(Dataset excerpts)

┄┄┄┄┄┄┄┄┄┄┄┄┄┄┄┄┄┄┄┄

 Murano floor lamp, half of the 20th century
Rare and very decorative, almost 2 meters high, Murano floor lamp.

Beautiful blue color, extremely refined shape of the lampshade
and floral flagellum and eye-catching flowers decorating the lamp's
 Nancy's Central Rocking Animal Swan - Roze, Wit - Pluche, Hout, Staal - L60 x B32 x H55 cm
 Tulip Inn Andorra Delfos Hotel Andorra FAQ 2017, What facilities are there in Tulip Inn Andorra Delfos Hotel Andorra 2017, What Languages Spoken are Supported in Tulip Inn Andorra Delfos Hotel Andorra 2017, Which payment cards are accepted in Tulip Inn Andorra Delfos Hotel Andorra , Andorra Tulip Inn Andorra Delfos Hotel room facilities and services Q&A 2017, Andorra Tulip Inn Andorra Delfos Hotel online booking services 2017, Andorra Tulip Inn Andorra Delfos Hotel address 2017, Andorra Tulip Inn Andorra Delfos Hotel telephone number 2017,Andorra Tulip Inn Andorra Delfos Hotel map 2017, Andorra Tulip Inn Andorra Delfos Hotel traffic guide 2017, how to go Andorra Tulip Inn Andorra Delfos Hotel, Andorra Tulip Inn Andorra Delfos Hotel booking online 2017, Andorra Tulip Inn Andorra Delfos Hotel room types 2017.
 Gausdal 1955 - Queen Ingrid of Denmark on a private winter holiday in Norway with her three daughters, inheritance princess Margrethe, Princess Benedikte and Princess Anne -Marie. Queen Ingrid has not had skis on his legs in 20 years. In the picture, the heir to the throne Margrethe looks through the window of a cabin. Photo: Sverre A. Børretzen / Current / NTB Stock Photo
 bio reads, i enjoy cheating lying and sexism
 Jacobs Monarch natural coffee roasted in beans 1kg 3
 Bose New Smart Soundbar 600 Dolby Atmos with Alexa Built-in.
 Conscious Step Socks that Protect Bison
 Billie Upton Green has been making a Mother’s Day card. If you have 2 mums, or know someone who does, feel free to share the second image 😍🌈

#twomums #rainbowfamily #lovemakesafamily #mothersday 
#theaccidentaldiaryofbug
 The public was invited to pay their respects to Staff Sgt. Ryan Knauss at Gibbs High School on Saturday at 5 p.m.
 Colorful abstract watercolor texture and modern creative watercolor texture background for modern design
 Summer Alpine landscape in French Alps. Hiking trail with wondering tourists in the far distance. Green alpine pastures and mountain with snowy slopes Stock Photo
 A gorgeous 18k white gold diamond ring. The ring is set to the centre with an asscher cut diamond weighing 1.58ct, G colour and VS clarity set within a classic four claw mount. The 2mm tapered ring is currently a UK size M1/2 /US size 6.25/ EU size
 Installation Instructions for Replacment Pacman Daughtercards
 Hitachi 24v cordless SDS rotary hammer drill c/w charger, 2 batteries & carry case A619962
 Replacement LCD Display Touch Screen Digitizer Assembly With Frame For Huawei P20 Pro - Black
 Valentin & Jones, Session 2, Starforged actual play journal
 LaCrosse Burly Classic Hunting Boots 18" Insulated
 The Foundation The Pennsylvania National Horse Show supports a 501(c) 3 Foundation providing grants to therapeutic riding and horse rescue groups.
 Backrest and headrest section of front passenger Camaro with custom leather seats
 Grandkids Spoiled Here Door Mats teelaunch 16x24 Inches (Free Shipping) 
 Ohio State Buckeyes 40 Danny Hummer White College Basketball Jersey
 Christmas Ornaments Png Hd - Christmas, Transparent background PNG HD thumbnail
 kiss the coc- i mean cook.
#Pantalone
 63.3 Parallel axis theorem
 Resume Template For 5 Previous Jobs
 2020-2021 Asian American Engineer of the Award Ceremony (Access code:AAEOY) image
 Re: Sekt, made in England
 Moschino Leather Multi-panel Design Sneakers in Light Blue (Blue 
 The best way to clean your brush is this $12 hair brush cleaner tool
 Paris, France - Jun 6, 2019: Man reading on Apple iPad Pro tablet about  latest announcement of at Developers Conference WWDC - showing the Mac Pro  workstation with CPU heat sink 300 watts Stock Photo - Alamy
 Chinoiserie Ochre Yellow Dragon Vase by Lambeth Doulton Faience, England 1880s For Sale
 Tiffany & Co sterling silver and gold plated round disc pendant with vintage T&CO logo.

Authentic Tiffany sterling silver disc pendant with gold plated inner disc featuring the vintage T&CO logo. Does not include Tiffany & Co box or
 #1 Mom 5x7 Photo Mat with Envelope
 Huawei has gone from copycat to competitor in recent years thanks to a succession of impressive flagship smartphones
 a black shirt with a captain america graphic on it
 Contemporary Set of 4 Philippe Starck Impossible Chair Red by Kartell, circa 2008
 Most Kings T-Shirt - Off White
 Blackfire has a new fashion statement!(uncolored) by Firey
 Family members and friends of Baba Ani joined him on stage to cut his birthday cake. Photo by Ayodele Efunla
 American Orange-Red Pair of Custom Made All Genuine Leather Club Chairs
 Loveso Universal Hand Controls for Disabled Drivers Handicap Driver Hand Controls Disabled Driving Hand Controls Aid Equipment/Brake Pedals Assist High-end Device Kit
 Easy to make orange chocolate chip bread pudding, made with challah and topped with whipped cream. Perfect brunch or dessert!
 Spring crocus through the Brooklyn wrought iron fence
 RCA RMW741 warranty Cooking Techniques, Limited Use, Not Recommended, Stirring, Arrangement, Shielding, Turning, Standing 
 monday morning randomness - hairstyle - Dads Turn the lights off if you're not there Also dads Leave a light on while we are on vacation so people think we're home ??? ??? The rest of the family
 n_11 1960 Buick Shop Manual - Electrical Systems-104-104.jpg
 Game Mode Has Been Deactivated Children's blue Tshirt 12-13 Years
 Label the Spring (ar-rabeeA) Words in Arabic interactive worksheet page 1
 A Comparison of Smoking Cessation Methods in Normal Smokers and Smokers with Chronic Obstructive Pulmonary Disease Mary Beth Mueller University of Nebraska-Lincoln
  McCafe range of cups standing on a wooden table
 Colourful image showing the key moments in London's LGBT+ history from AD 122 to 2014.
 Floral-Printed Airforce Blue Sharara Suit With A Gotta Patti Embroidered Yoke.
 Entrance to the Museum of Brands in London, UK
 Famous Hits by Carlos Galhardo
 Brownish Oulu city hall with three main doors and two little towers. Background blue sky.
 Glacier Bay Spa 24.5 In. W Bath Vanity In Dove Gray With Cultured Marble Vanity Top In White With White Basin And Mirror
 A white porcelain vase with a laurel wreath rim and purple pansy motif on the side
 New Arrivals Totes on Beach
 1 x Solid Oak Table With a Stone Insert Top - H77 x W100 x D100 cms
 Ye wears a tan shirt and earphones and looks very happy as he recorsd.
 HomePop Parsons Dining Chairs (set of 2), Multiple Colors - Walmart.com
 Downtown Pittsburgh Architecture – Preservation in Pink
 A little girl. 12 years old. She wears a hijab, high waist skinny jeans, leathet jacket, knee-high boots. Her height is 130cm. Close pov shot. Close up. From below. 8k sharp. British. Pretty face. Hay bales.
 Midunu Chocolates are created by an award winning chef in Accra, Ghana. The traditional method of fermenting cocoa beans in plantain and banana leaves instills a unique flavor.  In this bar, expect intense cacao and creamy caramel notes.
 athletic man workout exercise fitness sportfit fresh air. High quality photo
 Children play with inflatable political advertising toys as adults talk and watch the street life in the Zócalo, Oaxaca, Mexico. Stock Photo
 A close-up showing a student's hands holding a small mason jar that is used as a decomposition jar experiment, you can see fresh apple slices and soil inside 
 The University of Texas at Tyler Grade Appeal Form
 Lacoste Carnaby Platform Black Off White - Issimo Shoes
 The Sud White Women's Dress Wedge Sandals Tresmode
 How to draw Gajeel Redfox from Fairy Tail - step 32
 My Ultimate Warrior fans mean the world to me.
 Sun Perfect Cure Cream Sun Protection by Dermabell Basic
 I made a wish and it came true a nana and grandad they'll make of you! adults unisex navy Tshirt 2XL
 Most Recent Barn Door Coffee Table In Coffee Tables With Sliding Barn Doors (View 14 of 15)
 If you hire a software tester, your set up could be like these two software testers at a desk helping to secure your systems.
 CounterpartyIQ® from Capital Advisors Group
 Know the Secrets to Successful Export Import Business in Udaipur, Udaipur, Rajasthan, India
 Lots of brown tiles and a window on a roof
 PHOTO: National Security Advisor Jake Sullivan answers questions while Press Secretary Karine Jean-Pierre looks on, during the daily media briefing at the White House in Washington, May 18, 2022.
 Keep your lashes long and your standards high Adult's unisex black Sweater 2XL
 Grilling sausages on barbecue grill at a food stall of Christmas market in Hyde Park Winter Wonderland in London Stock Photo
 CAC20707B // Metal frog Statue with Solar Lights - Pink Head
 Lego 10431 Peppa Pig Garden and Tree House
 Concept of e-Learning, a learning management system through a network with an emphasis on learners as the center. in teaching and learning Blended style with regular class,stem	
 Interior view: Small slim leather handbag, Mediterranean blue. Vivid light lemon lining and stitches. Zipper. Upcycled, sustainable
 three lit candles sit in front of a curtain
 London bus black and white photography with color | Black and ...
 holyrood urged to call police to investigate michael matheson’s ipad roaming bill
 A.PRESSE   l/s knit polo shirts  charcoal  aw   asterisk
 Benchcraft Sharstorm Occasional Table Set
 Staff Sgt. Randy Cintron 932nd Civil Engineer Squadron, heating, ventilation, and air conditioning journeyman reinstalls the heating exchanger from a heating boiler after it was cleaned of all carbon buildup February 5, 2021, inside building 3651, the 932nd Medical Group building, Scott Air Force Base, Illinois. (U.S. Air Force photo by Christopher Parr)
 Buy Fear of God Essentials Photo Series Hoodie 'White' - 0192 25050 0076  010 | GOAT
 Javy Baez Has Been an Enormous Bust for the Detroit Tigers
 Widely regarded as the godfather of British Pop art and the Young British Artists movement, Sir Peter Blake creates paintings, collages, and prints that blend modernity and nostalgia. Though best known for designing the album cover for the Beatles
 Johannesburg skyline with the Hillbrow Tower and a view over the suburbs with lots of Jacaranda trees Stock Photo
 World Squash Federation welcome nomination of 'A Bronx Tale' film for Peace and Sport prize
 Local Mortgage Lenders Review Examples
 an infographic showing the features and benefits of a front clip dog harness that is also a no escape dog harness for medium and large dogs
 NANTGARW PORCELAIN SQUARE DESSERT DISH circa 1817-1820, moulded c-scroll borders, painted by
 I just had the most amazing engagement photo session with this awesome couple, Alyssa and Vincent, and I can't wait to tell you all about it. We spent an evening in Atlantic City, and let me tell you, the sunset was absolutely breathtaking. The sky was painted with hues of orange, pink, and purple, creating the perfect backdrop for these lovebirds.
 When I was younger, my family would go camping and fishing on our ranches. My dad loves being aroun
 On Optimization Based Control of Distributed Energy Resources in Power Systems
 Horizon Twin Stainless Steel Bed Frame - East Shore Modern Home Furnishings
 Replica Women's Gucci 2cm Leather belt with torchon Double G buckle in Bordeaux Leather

┄┄┄┄┄┄┄┄┄┄┄┄┄┄┄┄┄┄┄┄

Could you return exactly the lines above from the line with "1 x Solid Oak" to the line with "Keep your lashes", both included, and nothing else?

◆ **RESPONSE TO THIS EXERCISE**
 1 x Solid Oak Table With a Stone Insert Top - H77 x W100 x D100 cms
 Ye wears a tan shirt and earphones and looks very happy as he recorsd.
 HomePop Parsons Dining Chairs (set of 2), Multiple Colors - Walmart.com
 Downtown Pittsburgh Architecture – Preservation in Pink
 A little girl. 12 years old. She wears a hijab, high waist skinny jeans, leathet jacket, knee-high boots. Her height is 130cm. Close pov shot. Close up. From below. 8k sharp. British. Pretty face. Hay bales.
 Midunu Chocolates are created by an award winning chef in Accra, Ghana. The traditional method of fermenting cocoa beans in plantain and banana leaves instills a unique flavor.  In this bar, expect intense cacao and creamy caramel notes.
 athletic man workout exercise fitness sportfit fresh air. High quality photo
 Children play with inflatable political advertising toys as adults talk and watch the street life in the Zócalo, Oaxaca, Mexico. Stock Photo
 A close-up showing a student's hands holding a small mason jar that is used as a decomposition jar experiment, you can see fresh apple slices and soil inside 
 The University of Texas at Tyler Grade Appeal Form
 Lacoste Carnaby Platform Black Off White - Issimo Shoes
 The Sud White Women's Dress Wedge Sandals Tresmode
 How to draw Gajeel Redfox from Fairy Tail - step 32
 My Ultimate Warrior fans mean the world to me.
 Sun Perfect Cure Cream Sun Protection by Dermabell Basic
 I made a wish and it came true a nana and grandad they'll make of you! adults unisex navy Tshirt 2XL
 Most Recent Barn Door Coffee Table In Coffee Tables With Sliding Barn Doors (View 14 of 15)
 If you hire a software tester, your set up could be like these two software testers at a desk helping to secure your systems.
 CounterpartyIQ® from Capital Advisors Group
 Know the Secrets to Successful Export Import Business in Udaipur, Udaipur, Rajasthan, India
 Lots of brown tiles and a window on a roof
 PHOTO: National Security Advisor Jake Sullivan answers questions while Press Secretary Karine Jean-Pierre looks on, during the daily media briefing at the White House in Washington, May 18, 2022.
 Keep your lashes long and your standards high Adult's unisex black Sweater 2XL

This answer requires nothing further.